Global disruptions—from raw material shortages to international freight delays—affect pharmaceutical supply. During major disruptions these past few years, our team shifted to maintain a large in-house inventory of both bulk intermediates and finished Hydrocortisone Sodium Phosphate. This buffer allows us to sustain regular shipments even as freight windows shift or port bottlenecks occur. We negotiated backup agreements with three alternate sodium phosphate producers to smooth out risk in our supply chain. Partnering only with GMP-certified suppliers ensures raw material integrity throughout.
Smart warehousing within three continents minimizes risk from single-point failures. Staggered batch production and inventory rotation allow us to bring fresh stock online regularly, reducing batch aging in the warehouse.

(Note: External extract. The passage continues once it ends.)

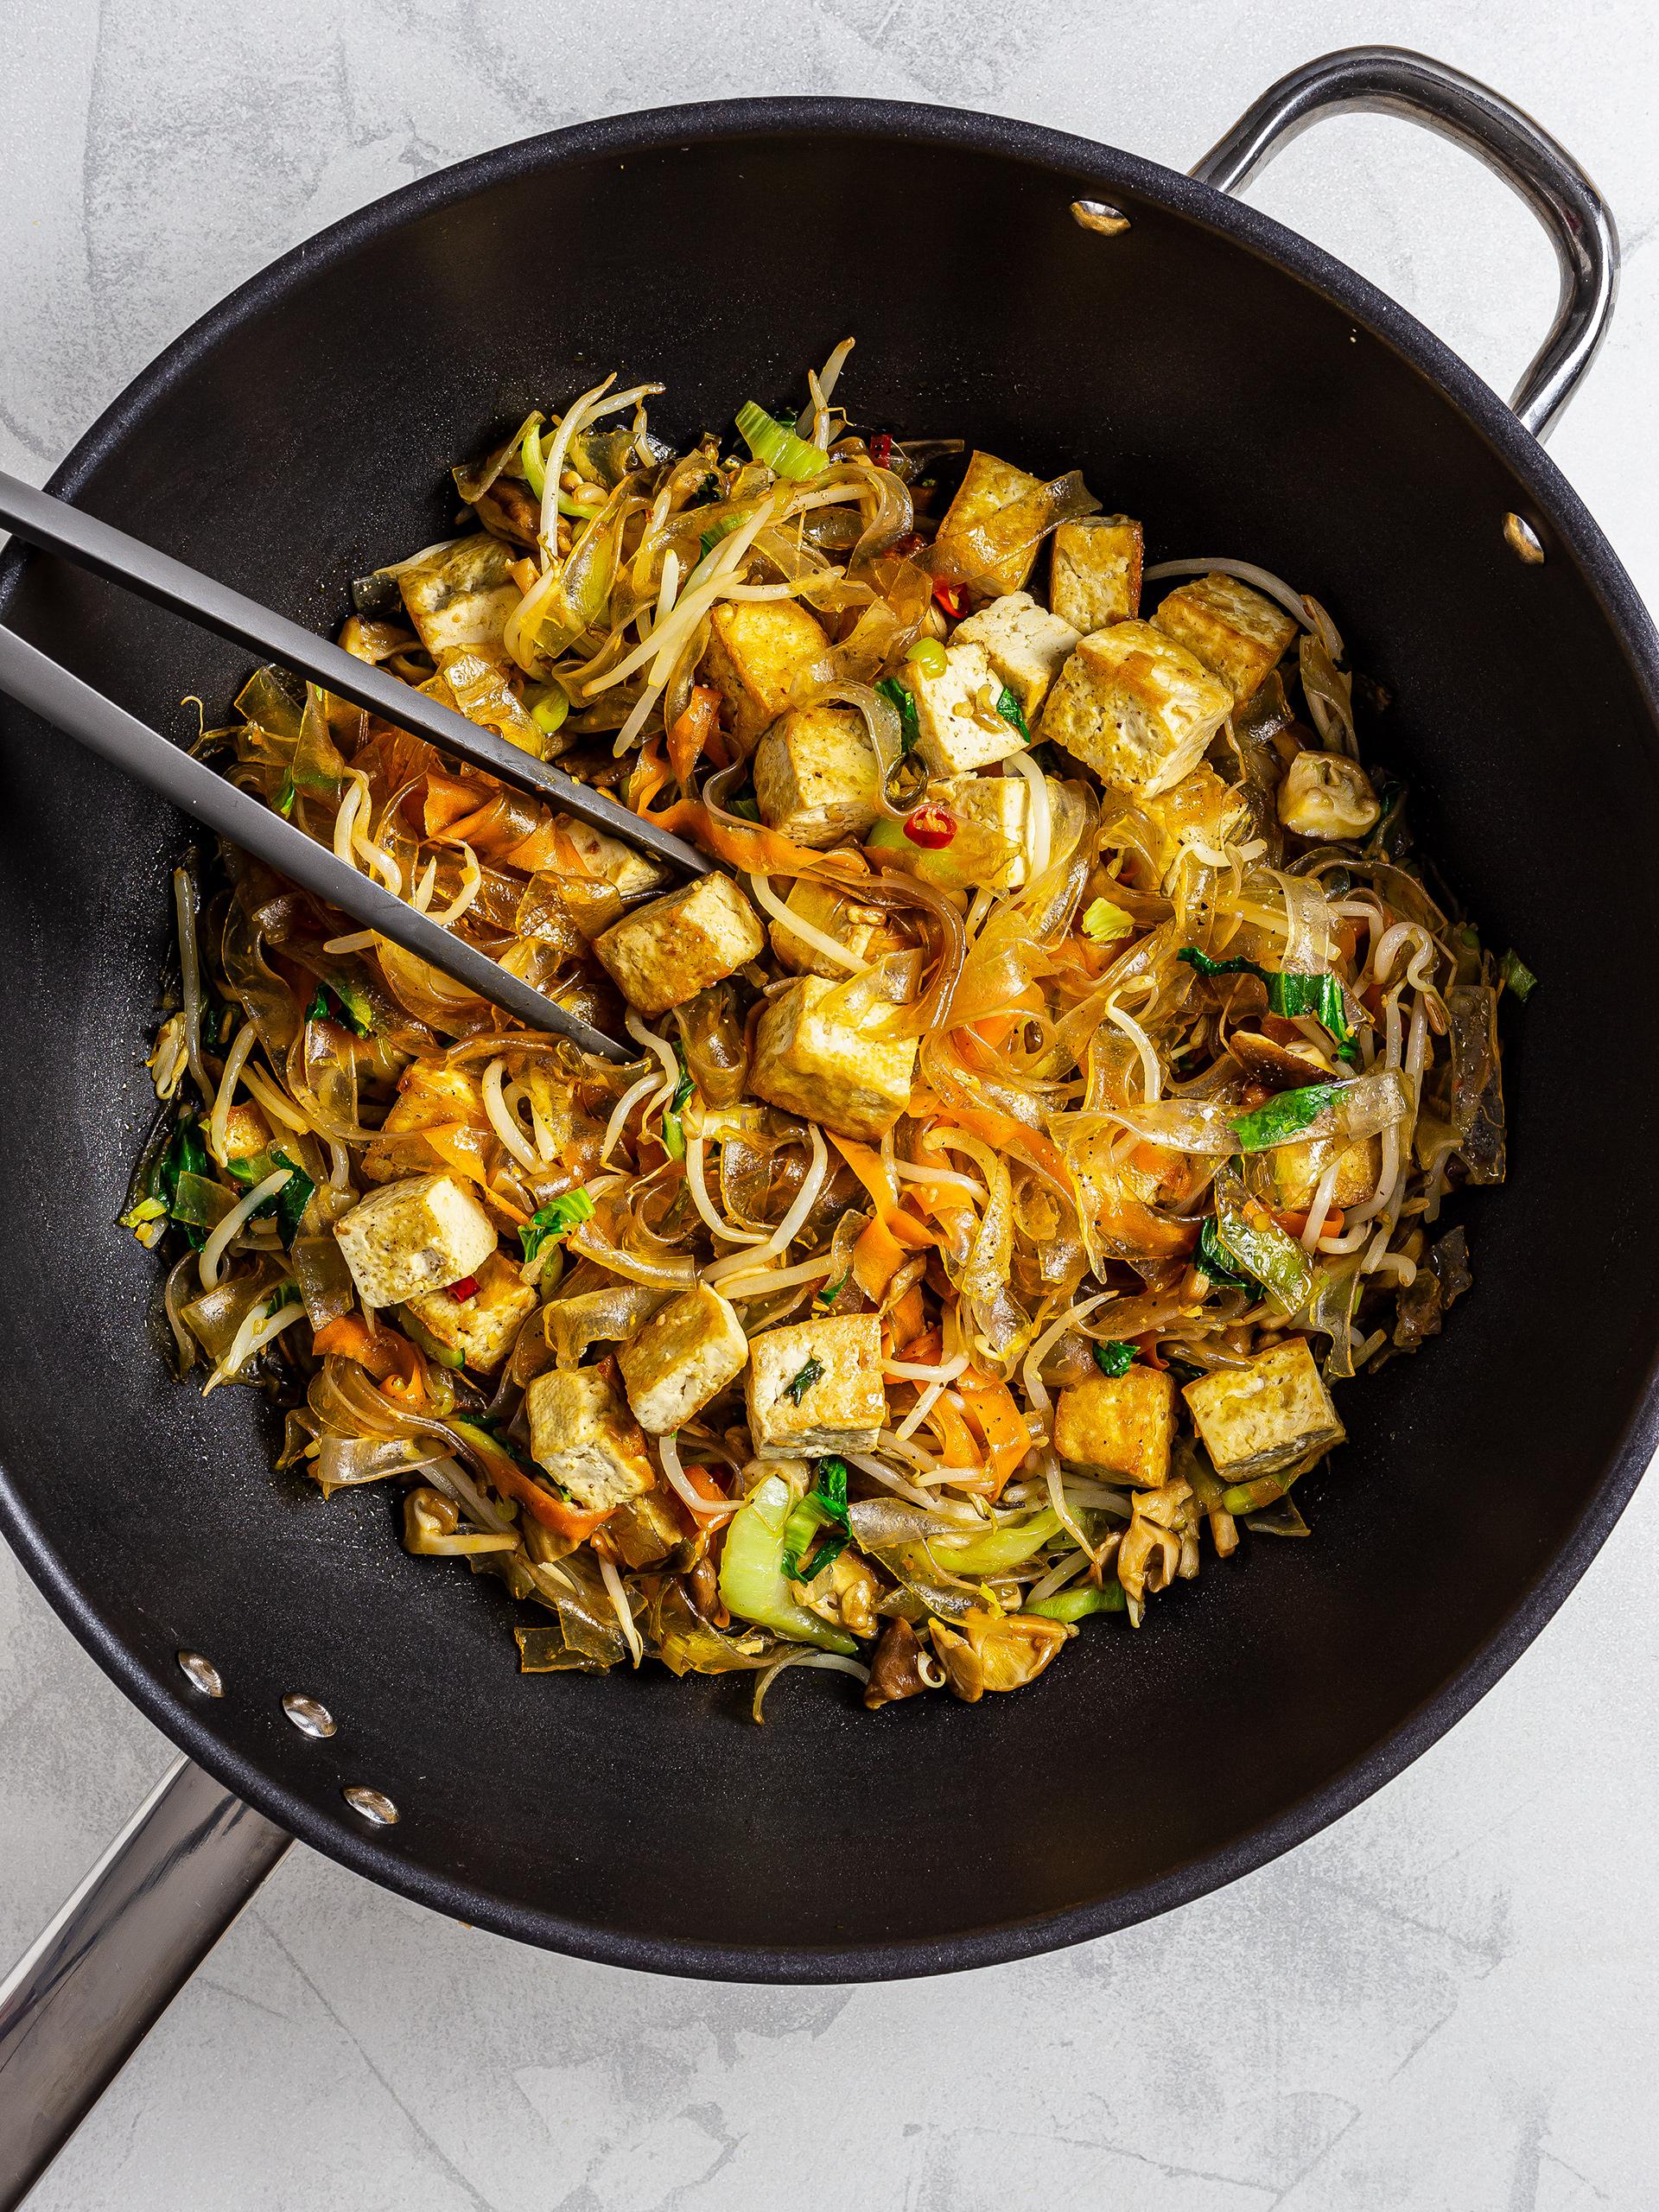 Thread noodles pad thai with tofu

For key buyers arranging just-in-time purchasing to reduce their own warehousing footprint, our quick-turn logistics save valuable shelf space and minimize on-site expiry risk.
Manufacturing pharmaceuticals comes with ecological burdens. We’ve invested in new recycling systems for process water, capturing residual sodium phosphate and re-purifying it to reduce total chemical waste. Solvent use gets constantly reviewed, both to minimize worker exposure and cut down on hazardous waste output. Partnerships with local universities allow us to sponsor green chemistry research, including enzymatic synthesis routes that could one day replace more resource-heavy classical chemical steps.
The human side matters just as much. All employees at our plant receive medical monitoring and health education, particularly those assigned to packaging or chemical handling. We hold safety briefings each week, update standard processes annually, and reward any worker who identifies potential process hazards. For regional hospitals and clinics operating in lower-resource areas, we offer technical training on reconstitution, dosing, and safe injection practices—building institutional capacity for better patient outcomes.
Every batch of Hydrocortisone Sodium Phosphate reflects our experience and ongoing commitment to improvement. Decades spent in manufacturing give us insight into the challenges our clients face and the importance of consistency and reliability for patient health. Investing in equipment upgrades, process audits, and collaborative troubleshooting makes each lot better than the last. By listening to downstream partners, backing up every supply with thorough data, and supporting innovation, we help shape the future of corticosteroid therapy. For those on the front lines of treatment—and those formulating the medicines of tomorrow—our Hydrocortisone Sodium Phosphate stands as a dependable choice, built on hard-earned trust and real-world performance.